Since May 2014, six media workers have been killed while trying to report on the conflict, and dozens of journalists have been arrested by the rebels of the self-proclaimed republics of Donetsk and Lugansk. The growth in volunteer battalions fighting alongside the regular Ukrainian army also contributed to the establishment of arbitrary rule-by-militia in the region. When threats, the destruction of newsrooms and hostage-taking don’t work, the rebel groups simply replace the bosses of a newspaper with other journalists in their pay. Faced with the impossibility of working in the region, many journalists go into exile. Those who stay behind work in an atmosphere of oppressive self-censorship.
In the separatist province of Balochistan in western Pakistan, Baloch rebels, who have been resisting the Pakistani state since 1947, also ensure their version of events prevails on pain of death.
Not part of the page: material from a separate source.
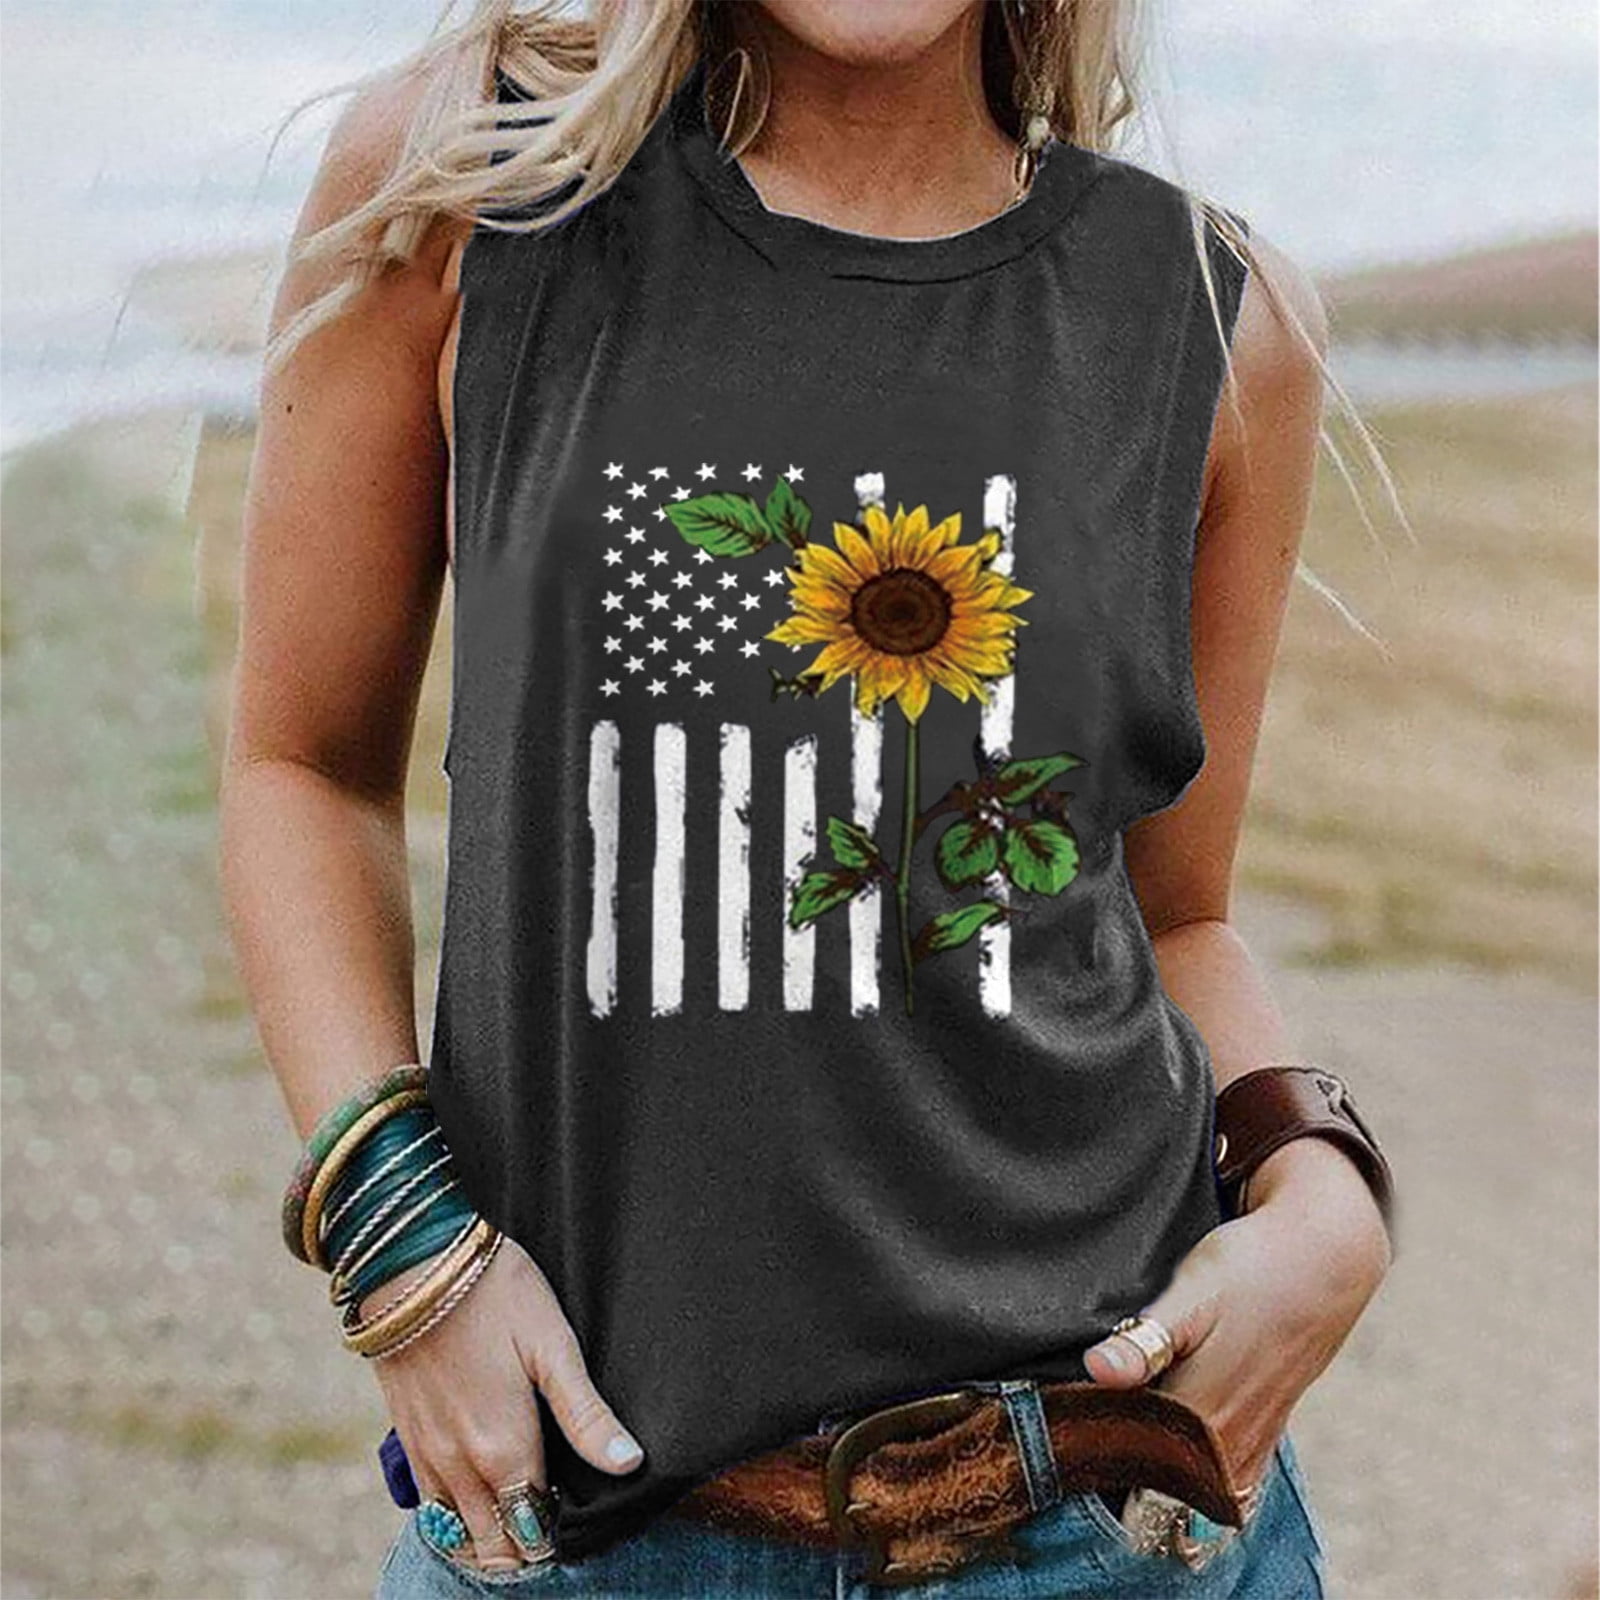 Rbaofujie T Shirts for Summer Women American Tank Tops Usa Flag Stars Printed Sleeveless T-Shirt Tee Tops Dark Gray Tank Clearance - Walmart.com

In August 2014, three journalists were shot dead by gunmen who burst into the offices of the news agency Online.
Back in 2012, the agency’s bureau chief, Irshad Mastoi, explained that he was caught between the Baloch insurgents, who demanded that the agency publish their statements, and threats of retaliation by Pakistani intelligence if he yielded to rebel pressure. His independence cost him his life.
Organized crime and impunity
Criminal gangs taking advantage of political patronage or exploiting the government’s inability to impose its authority pose a genuine threat for investigative journalists who try to keep the public informed about corruption and the collusion that sometimes exists between the powers in place and such groups. Attacks on journalists are a source of particular concern since they are carried out in a climate of almost total impunity.
In Mexico, the country where more journalists are killed in the course of their work than anywhere else in the Americas, it is not a good idea to talk about links between the authorities and organised crime. The three journalists killed in 2014, Octavio Rojas Hernandez in Oaxaca state, Jorge Torres Palacio in Vera Cruz and the netizen María del Rosario Fuentes Rubio, who worked for the news portal Valor de Tamaulipas, were all investigating such matters.
A photo of Fuentes Rubio’s dead body was published on her Twitter account the day after her kidnaping, accompanied by the message: “Shut down your accounts, do not risk your families’ lives as I have done. I ask your forgiveness.”
A year earlier, a $45,000 price tag was placed on the head of the Valor por Tamaulipas administrator. As a result, many news organisations in Latin America have officially given up covering the illegal drugs trade for fear of reprisals.
In the Philippines, the journalist Nilo Baculo Sr. was killed after he published stories about the involvement of public and elected officials in drug trafficking. He was shot outside his home on 9 June 2014 by private militiamen in the pay of politicians. In such a climate of fear, self-censorship is the rule.
In Italy, such violence is growing at an alarming rate, according to Ossigeno per l’informazione, an Italian NGO that monitors freedom of information which recorded 421 threats in 2014, a 10 percent increase over 2013. Death threats are common and are usually made in the form of letters or symbols that signify death, such as a cross scratched on a journalist’s car, or bullets sent through the post …
Sometimes the target’s property is damaged. On 17 June, the car of Guido Scarpino, a journalist with the daily Il Garantista, was set on fire in Cosenza province, a stronghold of the ‘Ndrangheta, which is on the Reporters Without Borders list of “Predators of Press Freedom.”
To this can be added the increasing use of defamation suits by interest groups that wish to silence journalists. A practice that is perfectly legal as well as being highly effective.